╭─ Dataset

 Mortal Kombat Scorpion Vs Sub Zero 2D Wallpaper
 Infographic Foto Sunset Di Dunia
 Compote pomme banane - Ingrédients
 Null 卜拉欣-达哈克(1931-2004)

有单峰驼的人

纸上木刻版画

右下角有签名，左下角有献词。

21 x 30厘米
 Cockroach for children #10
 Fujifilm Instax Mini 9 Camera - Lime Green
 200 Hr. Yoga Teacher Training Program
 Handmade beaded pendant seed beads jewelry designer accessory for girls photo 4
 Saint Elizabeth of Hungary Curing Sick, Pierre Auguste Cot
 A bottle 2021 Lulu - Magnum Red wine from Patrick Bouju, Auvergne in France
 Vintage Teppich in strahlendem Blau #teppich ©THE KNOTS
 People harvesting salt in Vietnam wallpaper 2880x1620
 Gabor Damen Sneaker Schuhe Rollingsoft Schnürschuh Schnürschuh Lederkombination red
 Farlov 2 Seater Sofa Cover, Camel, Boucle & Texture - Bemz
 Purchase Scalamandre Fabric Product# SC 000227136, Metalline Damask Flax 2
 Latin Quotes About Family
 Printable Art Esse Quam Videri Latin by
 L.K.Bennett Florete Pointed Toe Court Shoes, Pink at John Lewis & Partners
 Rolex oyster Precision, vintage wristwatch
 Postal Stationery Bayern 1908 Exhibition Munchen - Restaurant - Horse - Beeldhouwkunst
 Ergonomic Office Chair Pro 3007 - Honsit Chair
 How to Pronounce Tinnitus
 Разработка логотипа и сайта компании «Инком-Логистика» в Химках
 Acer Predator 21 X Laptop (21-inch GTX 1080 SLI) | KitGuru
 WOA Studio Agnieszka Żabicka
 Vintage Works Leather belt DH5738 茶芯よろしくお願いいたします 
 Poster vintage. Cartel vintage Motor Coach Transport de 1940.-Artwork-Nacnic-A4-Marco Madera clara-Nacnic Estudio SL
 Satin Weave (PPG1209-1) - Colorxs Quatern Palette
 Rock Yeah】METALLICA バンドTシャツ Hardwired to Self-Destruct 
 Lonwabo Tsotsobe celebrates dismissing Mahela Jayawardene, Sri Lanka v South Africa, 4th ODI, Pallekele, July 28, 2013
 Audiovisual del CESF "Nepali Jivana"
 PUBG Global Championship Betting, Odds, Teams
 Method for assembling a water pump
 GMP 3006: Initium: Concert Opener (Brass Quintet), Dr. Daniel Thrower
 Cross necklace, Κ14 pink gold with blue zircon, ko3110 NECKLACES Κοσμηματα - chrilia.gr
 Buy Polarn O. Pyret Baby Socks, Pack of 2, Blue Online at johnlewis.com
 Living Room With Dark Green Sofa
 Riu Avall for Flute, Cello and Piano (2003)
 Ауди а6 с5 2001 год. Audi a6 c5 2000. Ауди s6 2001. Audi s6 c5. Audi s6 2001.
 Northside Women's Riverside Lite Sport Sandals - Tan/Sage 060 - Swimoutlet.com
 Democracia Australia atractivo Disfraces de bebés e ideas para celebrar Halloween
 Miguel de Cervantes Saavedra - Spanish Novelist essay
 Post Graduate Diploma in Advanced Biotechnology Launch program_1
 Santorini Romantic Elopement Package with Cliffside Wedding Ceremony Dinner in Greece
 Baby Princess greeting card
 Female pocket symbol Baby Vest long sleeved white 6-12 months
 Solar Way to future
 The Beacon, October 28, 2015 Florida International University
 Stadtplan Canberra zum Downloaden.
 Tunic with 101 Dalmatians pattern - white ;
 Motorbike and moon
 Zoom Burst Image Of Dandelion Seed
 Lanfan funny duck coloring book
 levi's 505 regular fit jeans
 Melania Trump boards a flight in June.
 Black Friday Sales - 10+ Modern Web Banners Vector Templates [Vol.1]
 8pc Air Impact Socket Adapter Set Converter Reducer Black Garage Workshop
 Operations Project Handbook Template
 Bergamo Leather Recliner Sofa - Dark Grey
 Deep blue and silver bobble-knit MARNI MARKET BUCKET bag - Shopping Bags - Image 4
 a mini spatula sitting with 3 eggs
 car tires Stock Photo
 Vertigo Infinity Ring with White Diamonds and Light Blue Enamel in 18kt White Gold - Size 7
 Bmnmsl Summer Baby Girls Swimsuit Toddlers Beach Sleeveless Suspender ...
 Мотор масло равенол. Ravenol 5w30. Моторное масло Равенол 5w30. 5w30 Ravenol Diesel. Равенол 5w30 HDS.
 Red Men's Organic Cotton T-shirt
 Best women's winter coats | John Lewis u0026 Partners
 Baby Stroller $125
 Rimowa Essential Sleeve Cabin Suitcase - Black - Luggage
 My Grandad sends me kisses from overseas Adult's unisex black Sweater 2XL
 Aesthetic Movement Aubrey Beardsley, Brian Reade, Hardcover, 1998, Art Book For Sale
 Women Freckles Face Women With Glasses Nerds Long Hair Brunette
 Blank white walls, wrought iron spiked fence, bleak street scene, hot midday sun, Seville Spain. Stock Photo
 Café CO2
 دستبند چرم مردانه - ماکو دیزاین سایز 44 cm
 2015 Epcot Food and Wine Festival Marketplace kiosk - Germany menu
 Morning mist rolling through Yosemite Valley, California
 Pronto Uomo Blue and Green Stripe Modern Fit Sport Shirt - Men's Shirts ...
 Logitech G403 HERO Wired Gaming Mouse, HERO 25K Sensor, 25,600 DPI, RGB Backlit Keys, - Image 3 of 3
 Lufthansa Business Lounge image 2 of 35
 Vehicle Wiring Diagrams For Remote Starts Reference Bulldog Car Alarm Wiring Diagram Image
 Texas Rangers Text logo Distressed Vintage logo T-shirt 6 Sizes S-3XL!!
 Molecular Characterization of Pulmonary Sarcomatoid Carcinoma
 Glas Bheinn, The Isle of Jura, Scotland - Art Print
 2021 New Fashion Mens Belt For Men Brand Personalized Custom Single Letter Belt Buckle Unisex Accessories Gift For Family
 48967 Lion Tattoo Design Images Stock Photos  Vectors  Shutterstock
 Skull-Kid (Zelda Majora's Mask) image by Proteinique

╰─

**What the task asks:**
Please copy each line above exactly as written.

**Response to this task:**
 Mortal Kombat Scorpion Vs Sub Zero 2D Wallpaper
 Infographic Foto Sunset Di Dunia
 Compote pomme banane - Ingrédients
 Null 卜拉欣-达哈克(1931-2004)

有单峰驼的人

纸上木刻版画

右下角有签名，左下角有献词。

21 x 30厘米
 Cockroach for children #10
 Fujifilm Instax Mini 9 Camera - Lime Green
 200 Hr. Yoga Teacher Training Program
 Handmade beaded pendant seed beads jewelry designer accessory for girls photo 4
 Saint Elizabeth of Hungary Curing Sick, Pierre Auguste Cot
 A bottle 2021 Lulu - Magnum Red wine from Patrick Bouju, Auvergne in France
 Vintage Teppich in strahlendem Blau #teppich ©THE KNOTS
 People harvesting salt in Vietnam wallpaper 2880x1620
 Gabor Damen Sneaker Schuhe Rollingsoft Schnürschuh Schnürschuh Lederkombination red
 Farlov 2 Seater Sofa Cover, Camel, Boucle & Texture - Bemz
 Purchase Scalamandre Fabric Product# SC 000227136, Metalline Damask Flax 2
 Latin Quotes About Family
 Printable Art Esse Quam Videri Latin by
 L.K.Bennett Florete Pointed Toe Court Shoes, Pink at John Lewis & Partners
 Rolex oyster Precision, vintage wristwatch
 Postal Stationery Bayern 1908 Exhibition Munchen - Restaurant - Horse - Beeldhouwkunst
 Ergonomic Office Chair Pro 3007 - Honsit Chair
 How to Pronounce Tinnitus
 Разработка логотипа и сайта компании «Инком-Логистика» в Химках
 Acer Predator 21 X Laptop (21-inch GTX 1080 SLI) | KitGuru
 WOA Studio Agnieszka Żabicka
 Vintage Works Leather belt DH5738 茶芯よろしくお願いいたします 
 Poster vintage. Cartel vintage Motor Coach Transport de 1940.-Artwork-Nacnic-A4-Marco Madera clara-Nacnic Estudio SL
 Satin Weave (PPG1209-1) - Colorxs Quatern Palette
 Rock Yeah】METALLICA バンドTシャツ Hardwired to Self-Destruct 
 Lonwabo Tsotsobe celebrates dismissing Mahela Jayawardene, Sri Lanka v South Africa, 4th ODI, Pallekele, July 28, 2013
 Audiovisual del CESF "Nepali Jivana"
 PUBG Global Championship Betting, Odds, Teams
 Method for assembling a water pump
 GMP 3006: Initium: Concert Opener (Brass Quintet), Dr. Daniel Thrower
 Cross necklace, Κ14 pink gold with blue zircon, ko3110 NECKLACES Κοσμηματα - chrilia.gr
 Buy Polarn O. Pyret Baby Socks, Pack of 2, Blue Online at johnlewis.com
 Living Room With Dark Green Sofa
 Riu Avall for Flute, Cello and Piano (2003)
 Ауди а6 с5 2001 год. Audi a6 c5 2000. Ауди s6 2001. Audi s6 c5. Audi s6 2001.
 Northside Women's Riverside Lite Sport Sandals - Tan/Sage 060 - Swimoutlet.com
 Democracia Australia atractivo Disfraces de bebés e ideas para celebrar Halloween
 Miguel de Cervantes Saavedra - Spanish Novelist essay
 Post Graduate Diploma in Advanced Biotechnology Launch program_1
 Santorini Romantic Elopement Package with Cliffside Wedding Ceremony Dinner in Greece
 Baby Princess greeting card
 Female pocket symbol Baby Vest long sleeved white 6-12 months
 Solar Way to future
 The Beacon, October 28, 2015 Florida International University
 Stadtplan Canberra zum Downloaden.
 Tunic with 101 Dalmatians pattern - white ;
 Motorbike and moon
 Zoom Burst Image Of Dandelion Seed
 Lanfan funny duck coloring book
 levi's 505 regular fit jeans
 Melania Trump boards a flight in June.
 Black Friday Sales - 10+ Modern Web Banners Vector Templates [Vol.1]
 8pc Air Impact Socket Adapter Set Converter Reducer Black Garage Workshop
 Operations Project Handbook Template
 Bergamo Leather Recliner Sofa - Dark Grey
 Deep blue and silver bobble-knit MARNI MARKET BUCKET bag - Shopping Bags - Image 4
 a mini spatula sitting with 3 eggs
 car tires Stock Photo
 Vertigo Infinity Ring with White Diamonds and Light Blue Enamel in 18kt White Gold - Size 7
 Bmnmsl Summer Baby Girls Swimsuit Toddlers Beach Sleeveless Suspender ...
 Мотор масло равенол. Ravenol 5w30. Моторное масло Равенол 5w30. 5w30 Ravenol Diesel. Равенол 5w30 HDS.
 Red Men's Organic Cotton T-shirt
 Best women's winter coats | John Lewis u0026 Partners
 Baby Stroller $125
 Rimowa Essential Sleeve Cabin Suitcase - Black - Luggage
 My Grandad sends me kisses from overseas Adult's unisex black Sweater 2XL
 Aesthetic Movement Aubrey Beardsley, Brian Reade, Hardcover, 1998, Art Book For Sale
 Women Freckles Face Women With Glasses Nerds Long Hair Brunette
 Blank white walls, wrought iron spiked fence, bleak street scene, hot midday sun, Seville Spain. Stock Photo
 Café CO2
 دستبند چرم مردانه - ماکو دیزاین سایز 44 cm
 2015 Epcot Food and Wine Festival Marketplace kiosk - Germany menu
 Morning mist rolling through Yosemite Valley, California
 Pronto Uomo Blue and Green Stripe Modern Fit Sport Shirt - Men's Shirts ...
 Logitech G403 HERO Wired Gaming Mouse, HERO 25K Sensor, 25,600 DPI, RGB Backlit Keys, - Image 3 of 3
 Lufthansa Business Lounge image 2 of 35
 Vehicle Wiring Diagrams For Remote Starts Reference Bulldog Car Alarm Wiring Diagram Image
 Texas Rangers Text logo Distressed Vintage logo T-shirt 6 Sizes S-3XL!!
 Molecular Characterization of Pulmonary Sarcomatoid Carcinoma
 Glas Bheinn, The Isle of Jura, Scotland - Art Print
 2021 New Fashion Mens Belt For Men Brand Personalized Custom Single Letter Belt Buckle Unisex Accessories Gift For Family
 48967 Lion Tattoo Design Images Stock Photos  Vectors  Shutterstock
 Skull-Kid (Zelda Majora's Mask) image by Proteinique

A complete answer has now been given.